Harada Tomoyuki, Moore Beverley A, Yang Runkuan, Cruz Ruy J, Delude Russell L, Fink Mitchell P
Department of Critical Care Medicine, Pittsburgh, PA 15261, USA.
Surgery. 2005 Sep;138(3):530-7. doi: 10.1016/j.surg.2005.04.006.
Ethyl pyruvate (EP) improves survival, decreases proinflammatory cytokine expression, and ameliorates organ dysfunction in mice who have lethal sepsis or were subjected to hemorrhagic shock. Herein, we tested the hypothesis that treatment with EP can prevent the development of ileus after bowel manipulation, a phenomenon that is mediated by an inflammatory response in the bowel wall.
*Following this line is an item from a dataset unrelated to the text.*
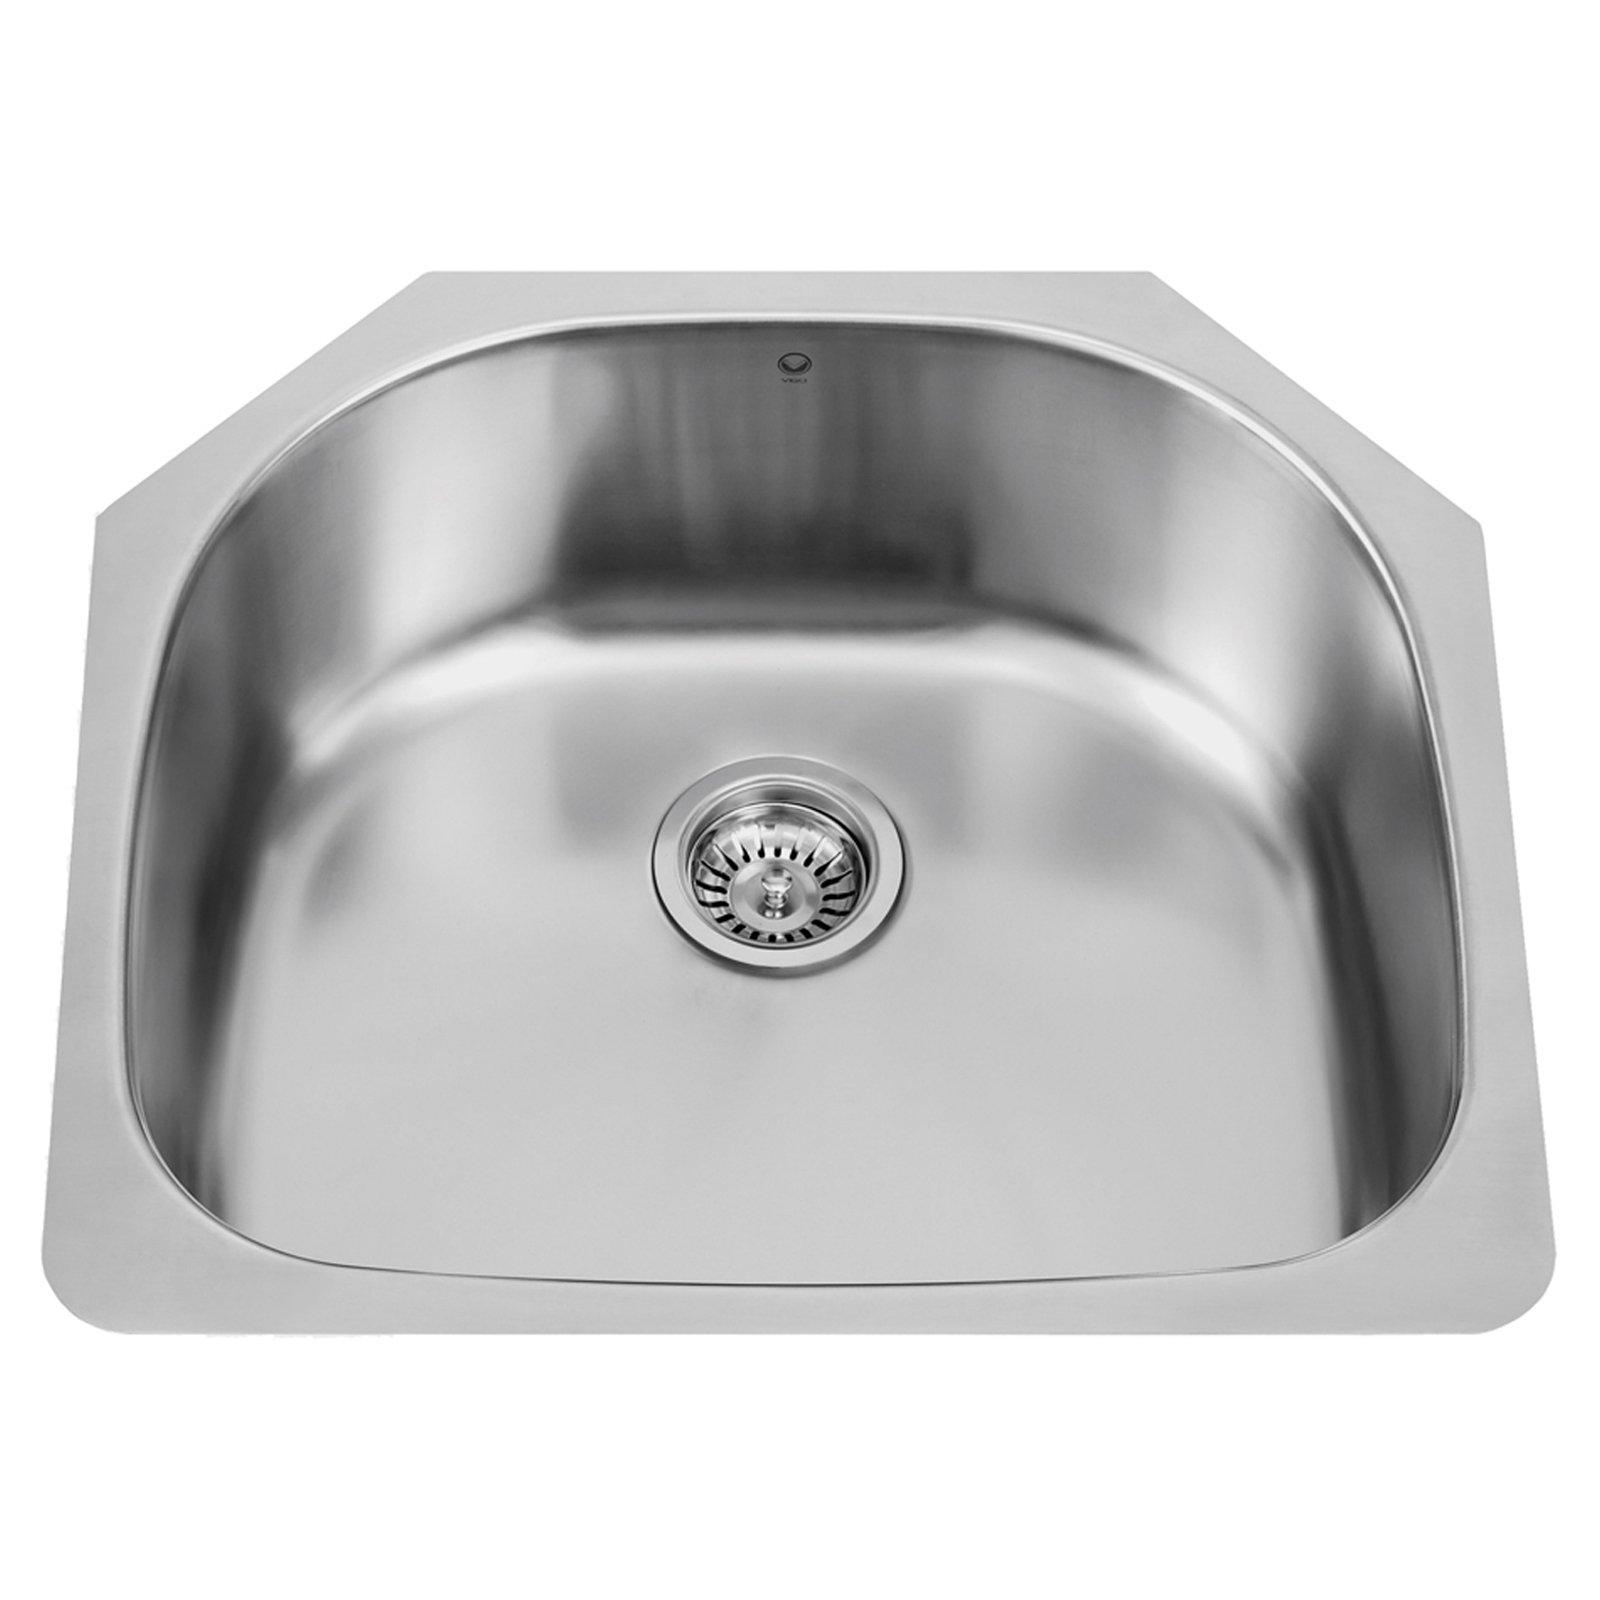 Vigo VG2421 Single Basin Undermount Kitchen Sink
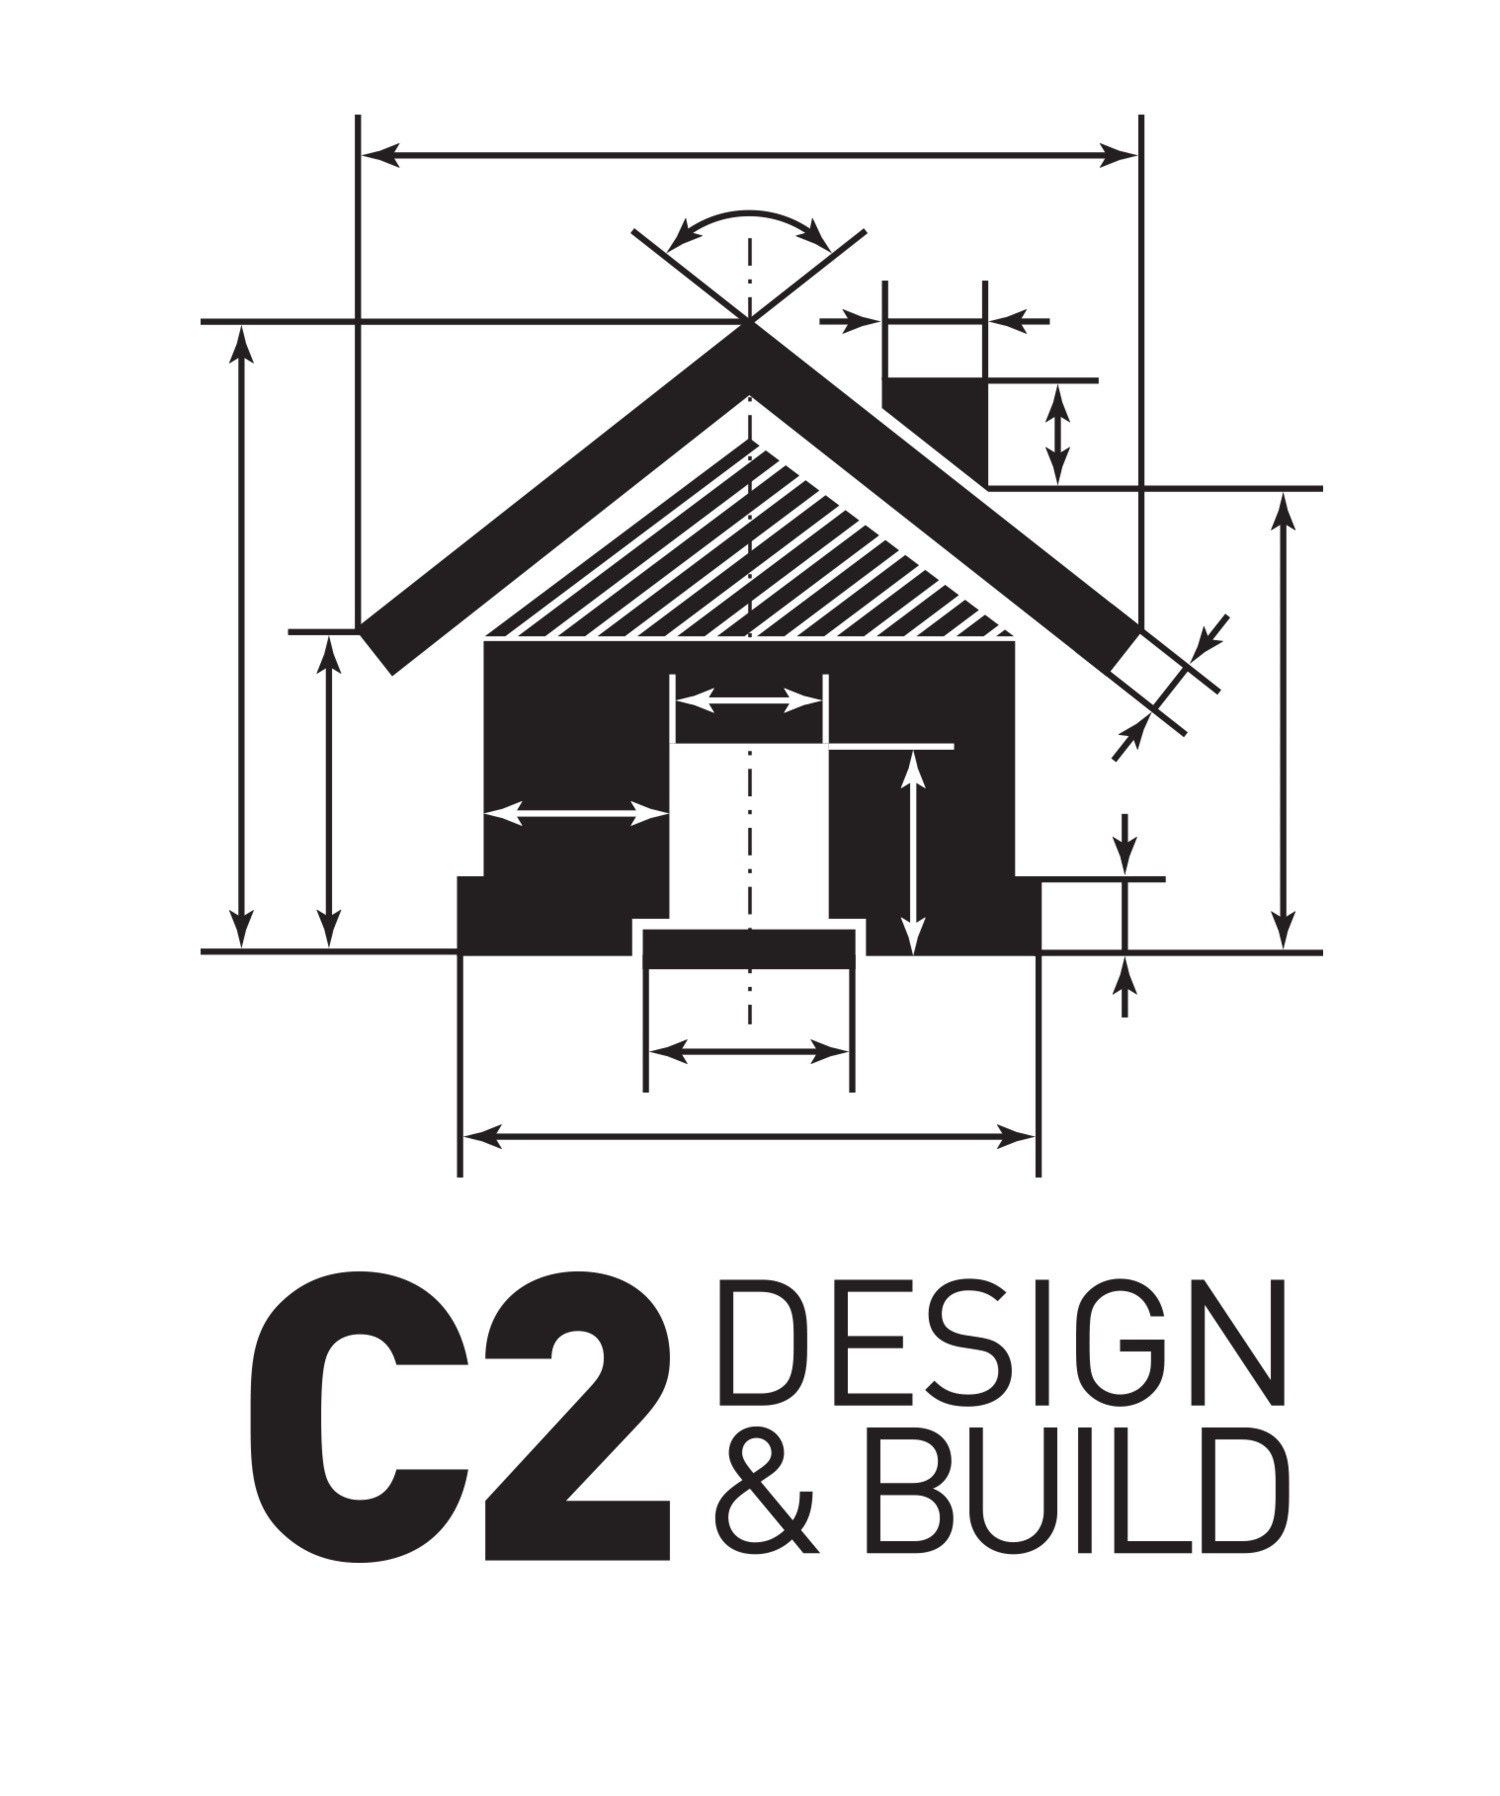 c2 design and build logo

C57Bl/6 mice underwent operative manipulation of the small intestine or were subjected to a sham procedure. Some of the mice subjected to gut manipulation were pre- and post-treated with 4 doses of EP (40 or 80 mg/kg per dose), whereas others received similar volumes of the vehicle for EP. Gastrointestinal transit of a nonabsorbable marker was assessed by gavaging the mice with the tracer 24 hours after operation and assessing its concentration 90 minutes later in bowel contents from the stomach, 10 equally long segments of small intestine, the cecum, and 2 equally long segments of colon. The contractile responses of ileal circular smooth muscle to graded concentrations of bethanechol were assessed by using standard organ bath methodology. Expression of interleukin-6 and inducible nitric oxide synthase transcripts in ileal muscularis propria was assessed by using the semiquantitative reverse transcriptase-polymerase chain reaction.
In sham-operated controls, the mean (+/- SE) geometric center for the transit marker was 10.0 +/- 0.5, whereas for vehicle-treated mice subject to bowel manipulation, the value for this parameter was 3.5 +/- 0.1 (P < .05). When mice subjected to bowel manipulation were treated with several 40 mg/kg doses of EP, the geometric center was 7.3 +/- 1.0 (P < .05 vs sham-operated group). Gut manipulation impaired intestinal smooth muscle contractility in vitro and increased steady-state levels of interleukin-6 and inducible nitric oxide synthase messenger RNA. Treatment with EP ameliorated these effects of gut manipulation.
EP warrants further evaluation as a therapeutic agent to ameliorate postoperative ileus.
丙酮酸乙酯(EP)可提高致死性脓毒症小鼠或失血性休克小鼠的生存率,降低促炎细胞因子表达,并改善器官功能障碍。在此,我们检验了以下假设:EP治疗可预防肠道操作后肠梗阻的发生,这一现象由肠壁炎症反应介导。
C57Bl/6小鼠接受小肠手术操作或假手术。部分接受肠道操作的小鼠在术前和术后用4剂EP(每剂40或80 mg/kg)治疗,而其他小鼠接受等量的EP溶媒。术后24小时给小鼠灌胃示踪剂,90分钟后评估胃、10段等长小肠、盲肠和2段等长结肠内容物中示踪剂浓度,以此评估不可吸收标记物的胃肠转运。采用标准器官浴方法评估回肠环形平滑肌对不同浓度氨甲酰甲胆碱的收缩反应。采用半定量逆转录-聚合酶链反应评估回肠肌层中白细胞介素-6和诱导型一氧化氮合酶转录本的表达。
在假手术对照组中,转运标记物的平均(±标准误)几何中心为10.0±0.5,而接受肠道操作并用溶媒处理的小鼠该参数值为3.5±0.1(P<0.05)。接受肠道操作的小鼠用数剂40 mg/kg的EP治疗后,几何中心为7.3±1.0(与假手术组相比,P<0.05)。肠道操作损害了体外肠平滑肌收缩力,并增加了白细胞介素-6和诱导型一氧化氮合酶信使核糖核酸的稳态水平。EP治疗改善了肠道操作的这些影响。
EP作为改善术后肠梗阻的治疗药物值得进一步评估。